I would really think about if you want to bring your dog.


----------



## TexasAggie00

Good information.

So do you think they didnt feed her? Or was she missing her mom and dad?

How about condition overall? Any sores or cuts or signs of abuse/neglect?

I hear if the dog comes in to Qingdao via Seoul from the US, there is no quarantine.


----------



## DWCady

Not sure. My wife is trying to find out any information. Of course, none will be available. We found no cuts or sores, so we really don't know anything.

I would try the Seoul route if there is no quarantine. I feel if you can have no quarantine or a very short one is the best. One month is just too long.


----------



## natesiy

The 1 month quarantine is standard for importing pets into China. TIC (This is China)

But since this is China, if you had used an agency with guanxi, the can usually get your pet out of quarantine and into the "home quarantine" system. 

I paid 10k rmb to get it done and i'm sure 2 - 3k went to the customs agent as a bribe and the agency pockets the rest. TIC!


----------



## ColinF

In Beijing the best people to consult on the quarantine regulation is the International Center for Veterinary Services (ICVS). International Center for Veterinary Services ???????????


----------



## bouma

Hello, 

I might be late with this info- but perhaps it will help anyone in the future who plans on taking their pets to China. 

I took my cat by myself and skipped quarantine by landing through a non-quarantine zone city (In this case Weihai). I've posted this on another forum previously- 

On August 22ns 2013, I landed in China, by myself with my cat and we completely skipped over quarantine- she was allowed to do it at home.

The procedures are very literally straight forward, the best thing is to land in an airport that doesn't have a quarantine facility. (I landed in Weihai, but Xi'an, Shenyang, Guangzhou, Chengdu... they all seem like possibilities. Tianjin might be risky though as I read they were trying to stop people landing with pets there and were shipping pets straight to Beijing for quarantine.)

Back in Canada, I got all the required shots, had my vet make sure she was healthy and happy. Once the vet filled out the form from the Ministry of Agriculture (Canada) I drove over to the regional office and had the ministry vet sign/stamp them.

I flew Asiana Airlines LAX-Weihai, with a stop over in Seoul. The stop over was in the international zone, so no quarantine certificates were necessary.

** Note that I had my cat with me as carry-on.
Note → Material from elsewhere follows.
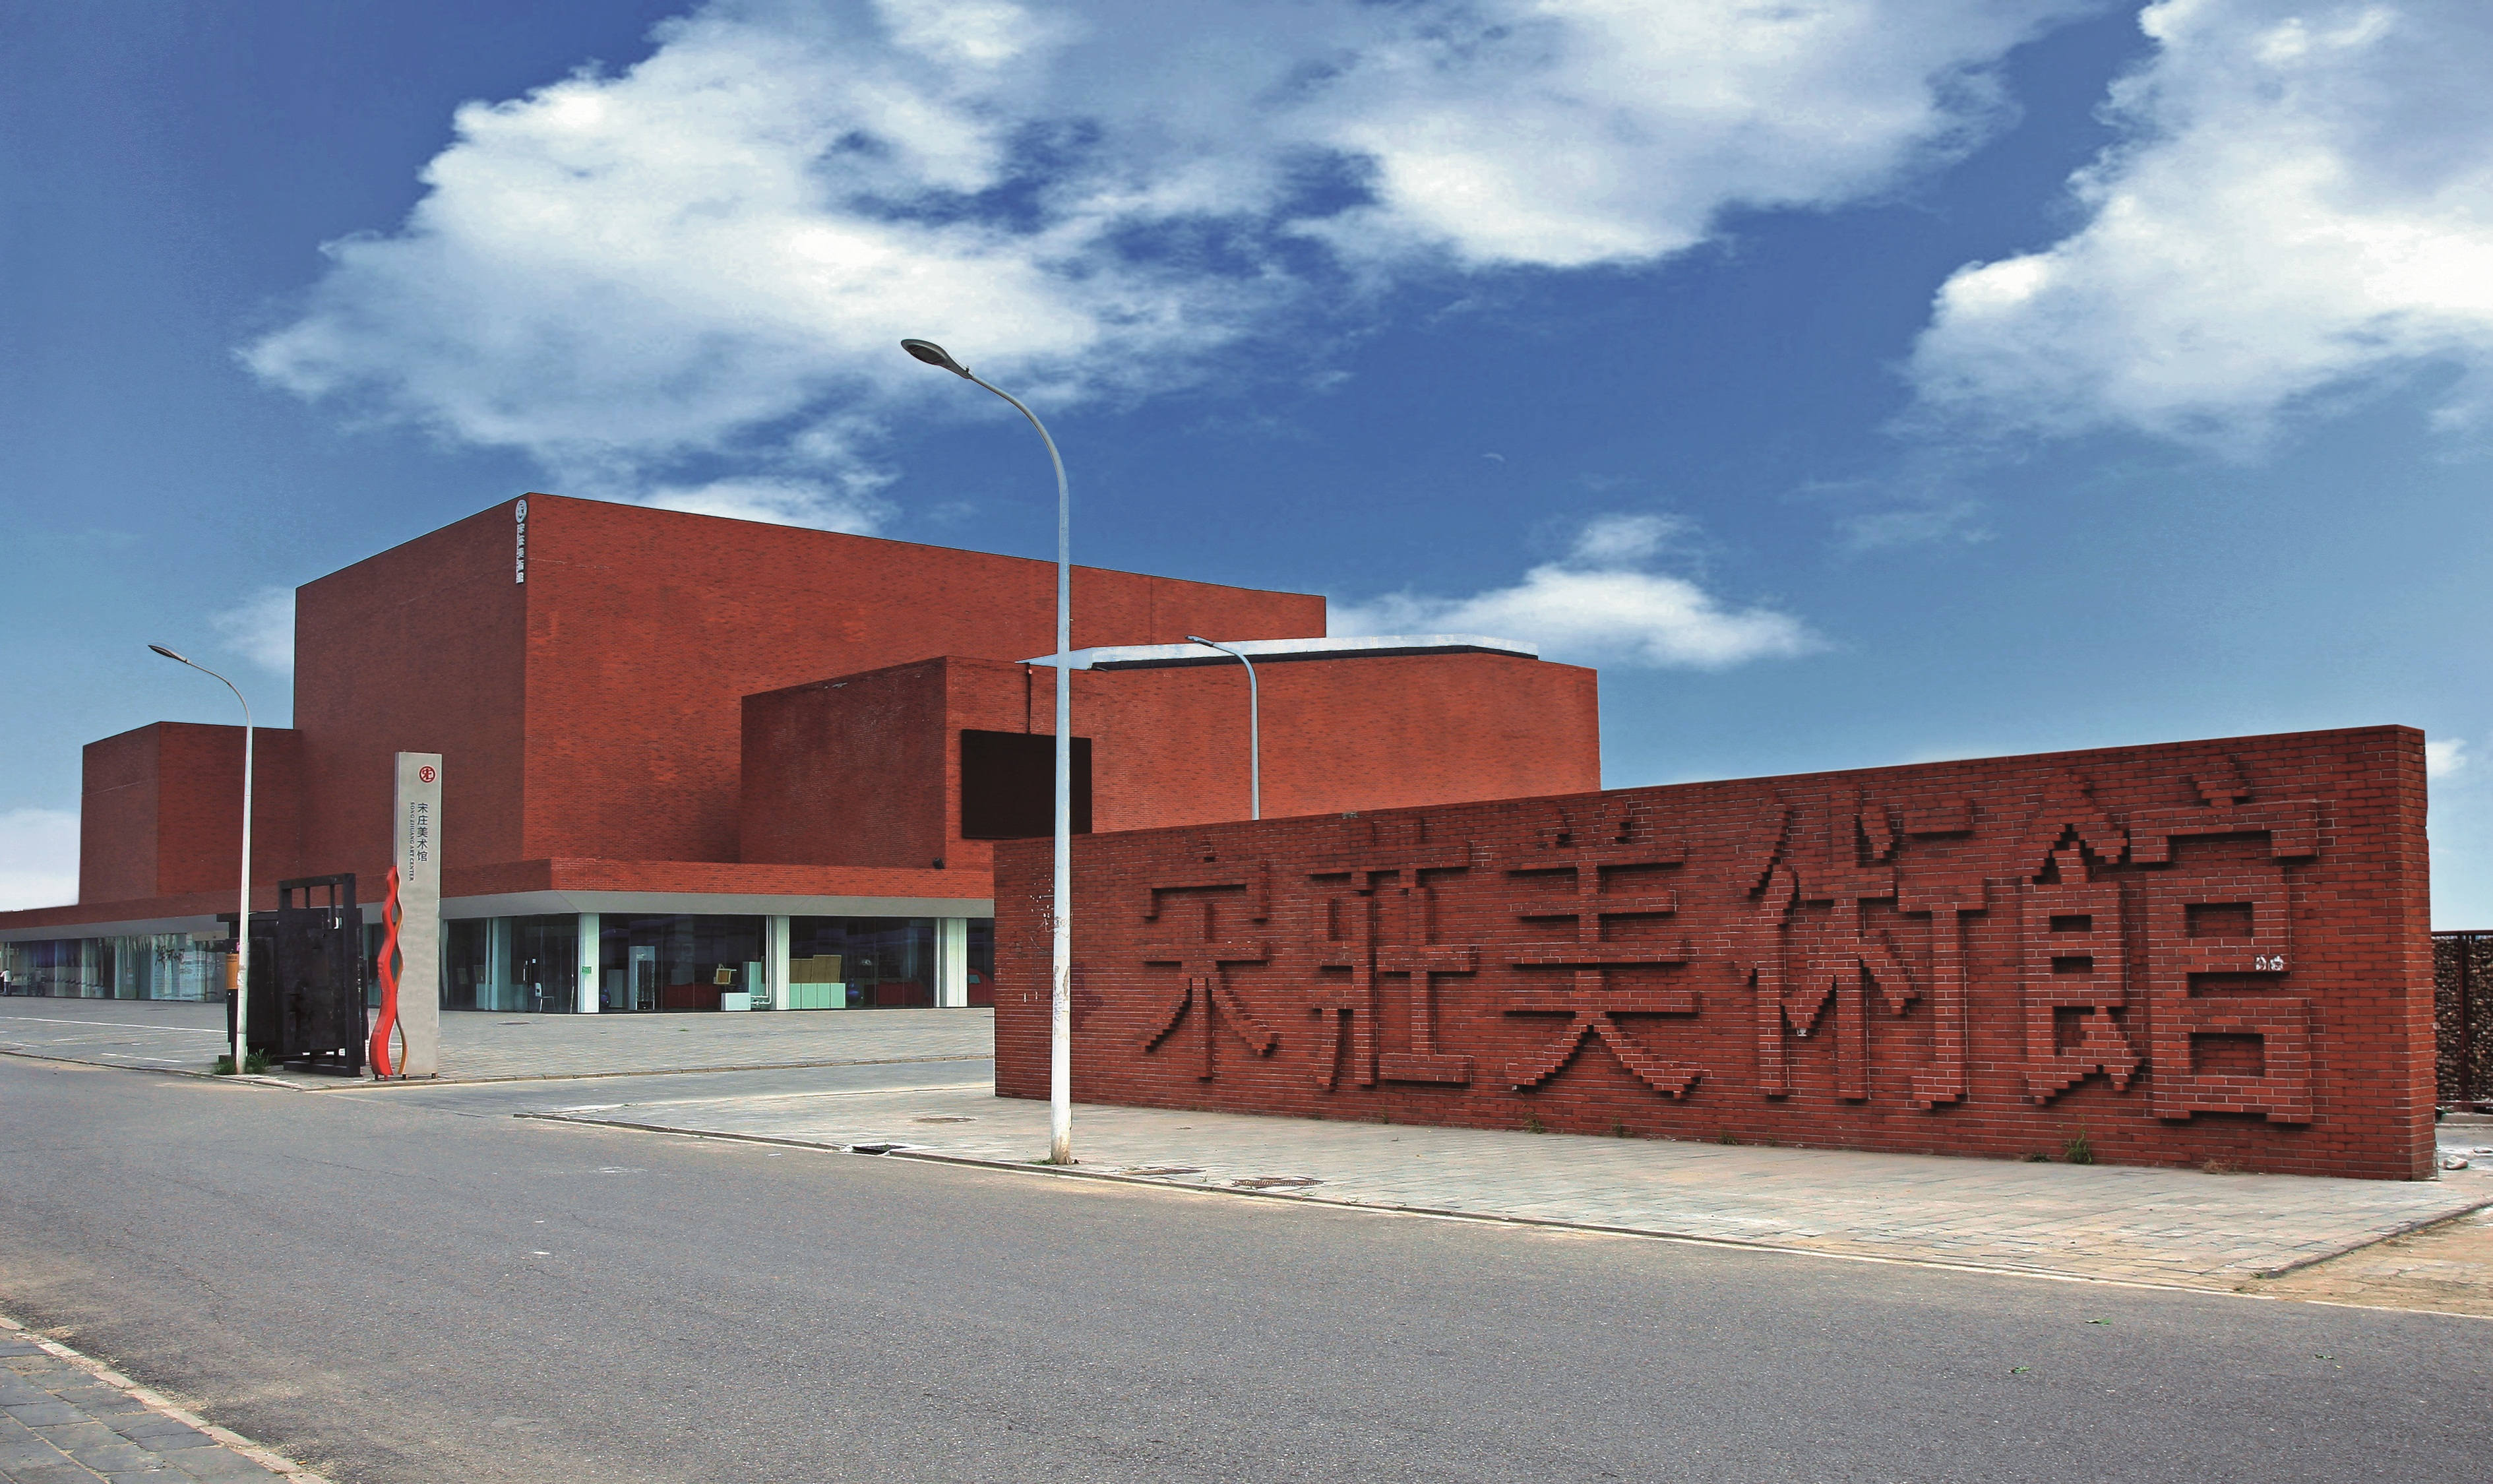 北京宋庄画家村位置图片

If your pet is in checked luggage or cargo, you may be required to present a certificate for the country you are transiting too. Call airlines to see what documents they need to proceed.**

Once I past customs, I refused to have them X-ray her with other luggage... (Not as lucky for domestic flights sadly  ) I provided my health certificate for inspection and was kindly asked to keep my cat at home for 30 days and not have her in contact with other pets. A visit to the vet was politely suggested after the 30 days to make sure she is happy and healthy.

No fee's. No documents to sign. No quarantine. Easy as pie. (as long as you know how to make pie... haha.)
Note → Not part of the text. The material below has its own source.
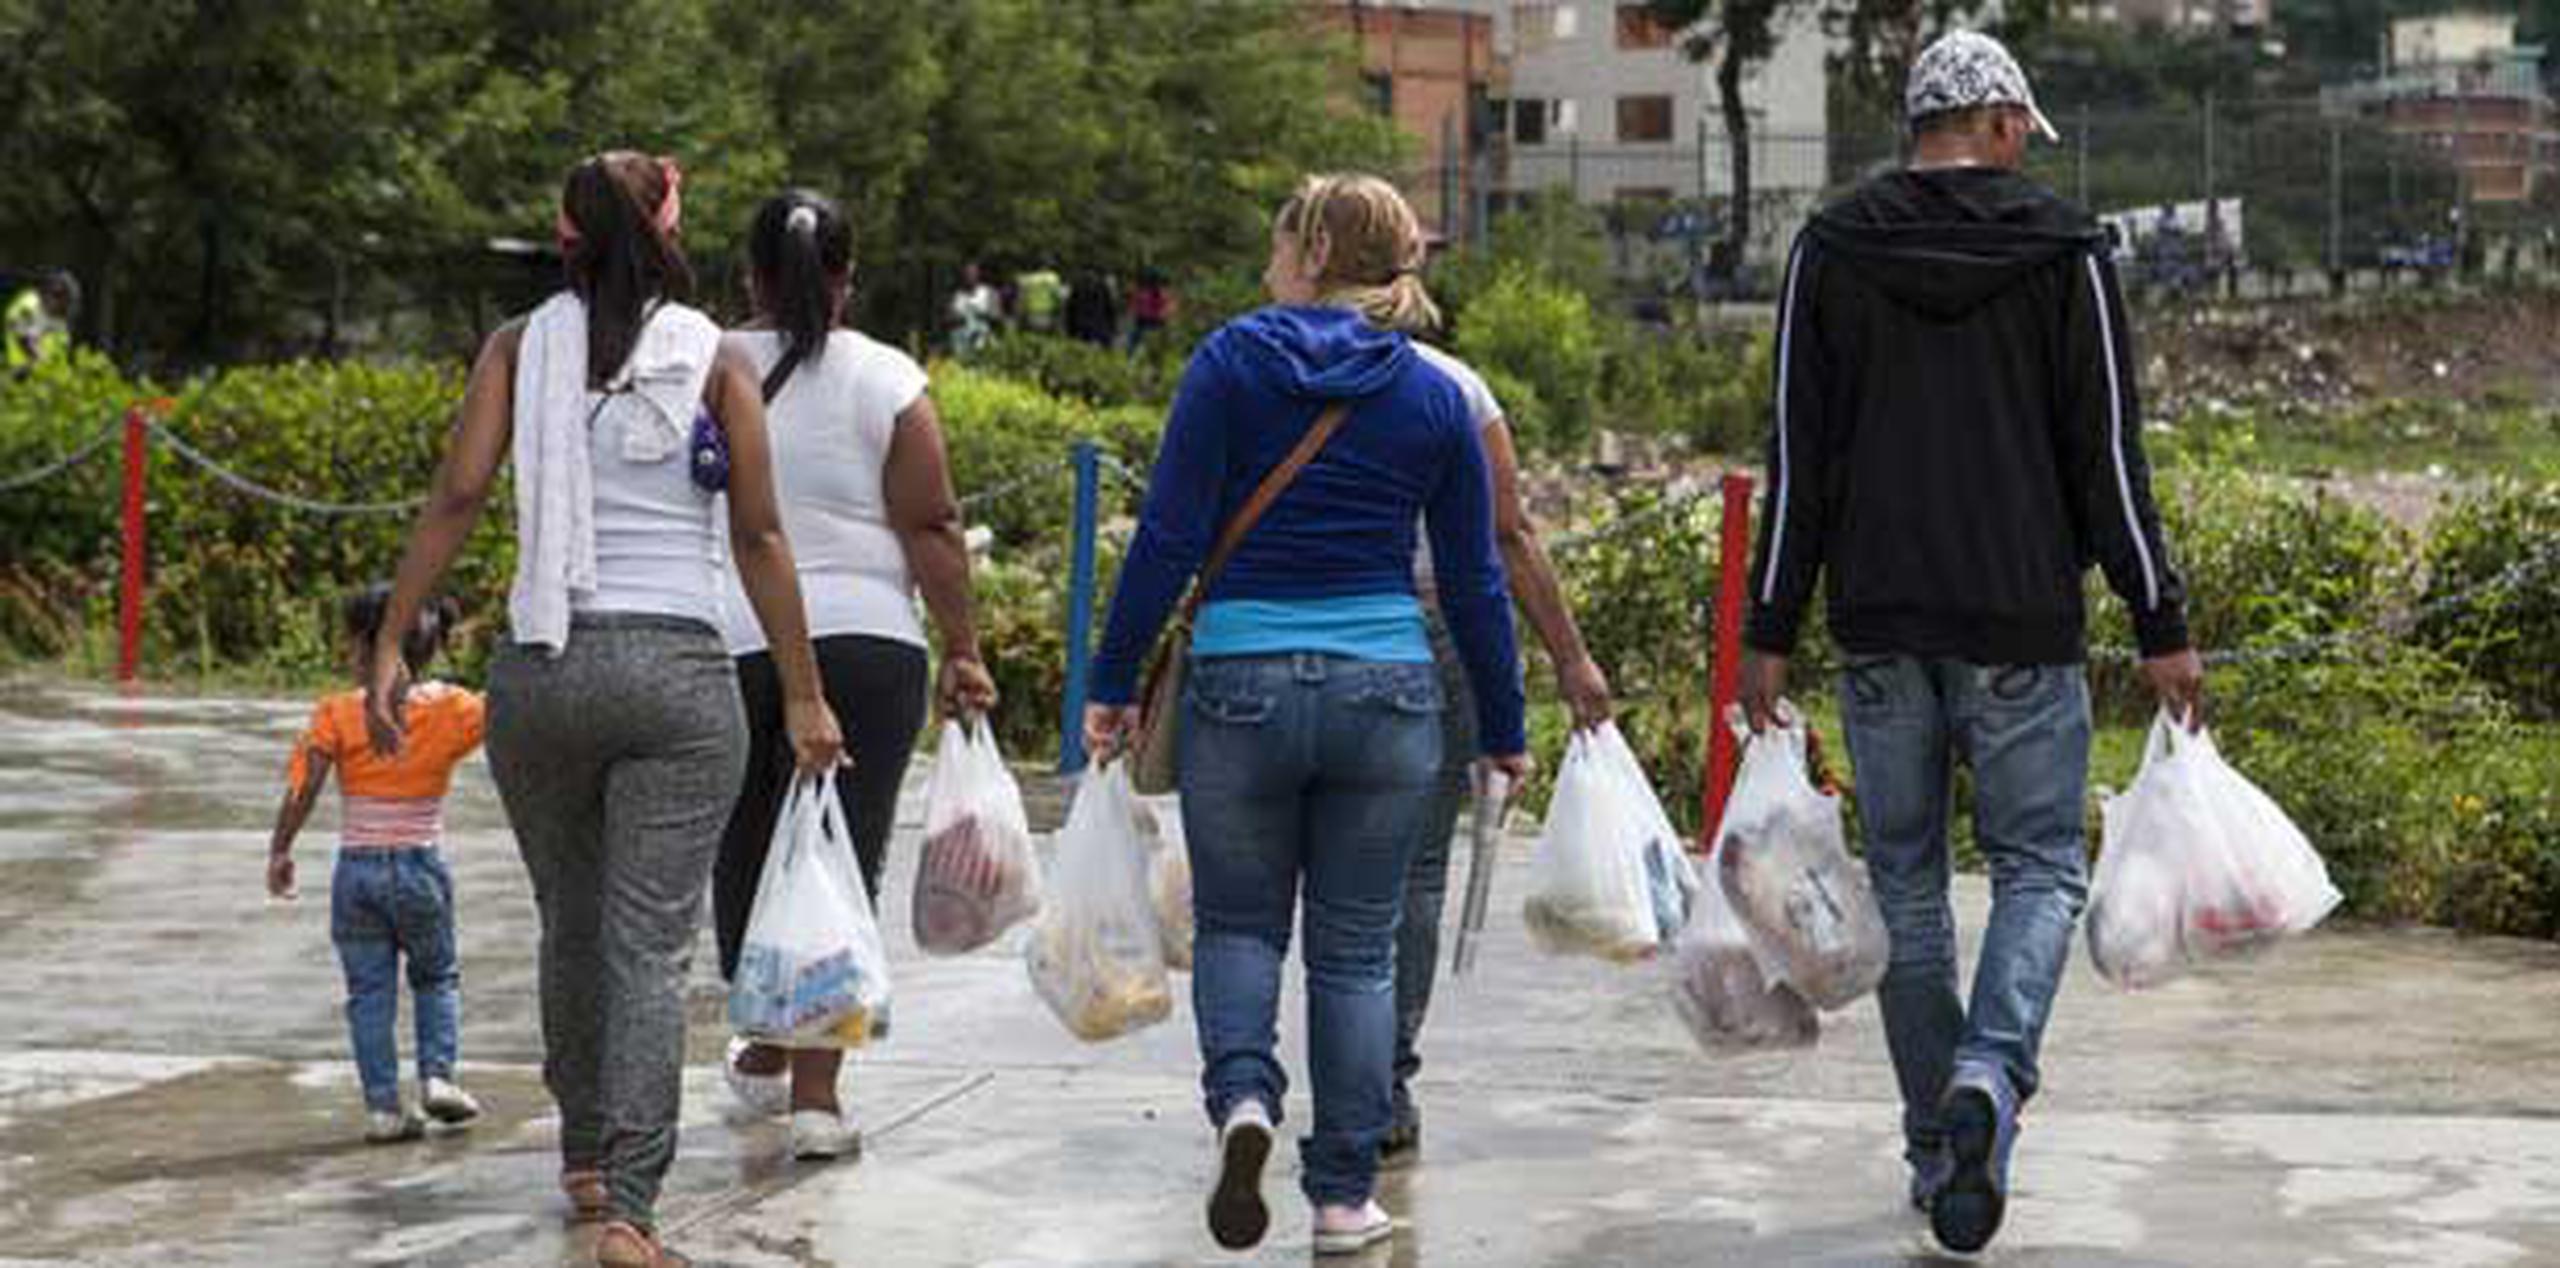 El Gobierno venezolano lucha desde hace meses contra el desabastecimiento de productos de primera necesidad en el país, una situación de la que responsabiliza a una "guerra económica" por parte de empresas privadas. (EFE)

Granted- I speak Chinese so the discussion with the customs officer went smoothly. BUT before I mentioned I spoke Chinese (I figured I'd play dumb and see first) he had started trying to explain everything in English.

So all in all, don't leave your family member at home- and don't pay 1000$ ++ for a relocation company, it's easy to do it yourself and apart from the extra domestic flights I had to book, it didn't cost me more than the flight fee's.
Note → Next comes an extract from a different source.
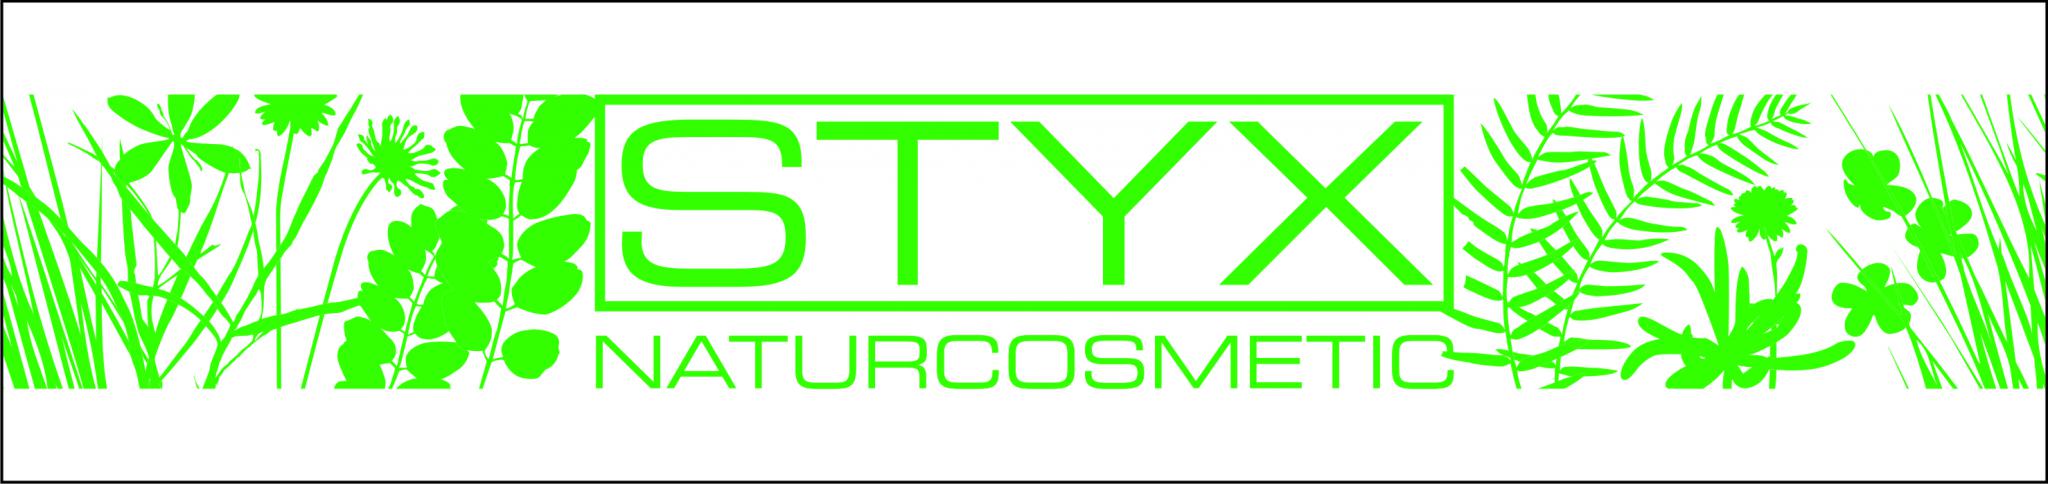 STYX naturcosmetic, Магазин натуральной косметики и Эфирных масел из Австрии

Good luck taking your loved one's to China


----------



## ltroshinsky

bouma said:


> Hello,
> 
> I might be late with this info- but perhaps it will help anyone in the future who plans on taking their pets to China.
> 
> I took my cat by myself and skipped quarantine by landing through a non-quarantine zone city (In this case Weihai). I've posted this on another forum previously-
> 
> On August 22ns 2013, I landed in China, by myself with my cat and we completely skipped over quarantine- she was allowed to do it at home.
> 
> The procedures are very literally straight forward, the best thing is to land in an airport that doesn't have a quarantine facility. (I landed in Weihai, but Xi'an, Shenyang, Guangzhou, Chengdu... they all seem like possibilities. Tianjin might be risky though as I read they were trying to stop people landing with pets there and were shipping pets straight to Beijing for quarantine.)
> 
> Back in Canada, I got all the required shots, had my vet make sure she was healthy and happy. Once the vet filled out the form from the Ministry of Agriculture (Canada) I drove over to the regional office and had the ministry vet sign/stamp them.
> 
> I flew Asiana Airlines LAX-Weihai, with a stop over in Seoul. The stop over was in the international zone, so no quarantine certificates were necessary.
> 
> ** Note that I had my cat with me as carry-on. If your pet is in checked luggage or cargo, you may be required to present a certificate for the country you are transiting too. Call airlines to see what documents they need to proceed.**
> 
> Once I past customs, I refused to have them X-ray her with other luggage... (Not as lucky for domestic flights sadly  ) I provided my health certificate for inspection and was kindly asked to keep my cat at home for 30 days and not have her in contact with other pets. A visit to the vet was politely suggested after the 30 days to make sure she is happy and healthy.
> 
> No fee's. No documents to sign. No quarantine. Easy as pie. (as long as you know how to make pie... haha.)
> 
> Granted- I speak Chinese so the discussion with the customs officer went smoothly. BUT before I mentioned I spoke Chinese (I figured I'd play dumb and see first) he had started trying to explain everything in English.
> 
> So all in all, don't leave your family member at home- and don't pay 1000$ ++ for a relocation company, it's easy to do it yourself and apart from the extra domestic flights I had to book, it didn't cost me more than the flight fee's.
> 
> Good luck taking your loved one's to China


Does the airport in or near Guiyang, in Guizhou province, require quarantine? My employer in China is trying to discourage me from bringing my pets. I will be living in Guiyang. Help please!
thanks!


----------



## bouma

According to the most recent info, Guangzhou does not require a quarantine if all your papers are in order... BUT... the most recent info is dated, so I cannot confirm this as true.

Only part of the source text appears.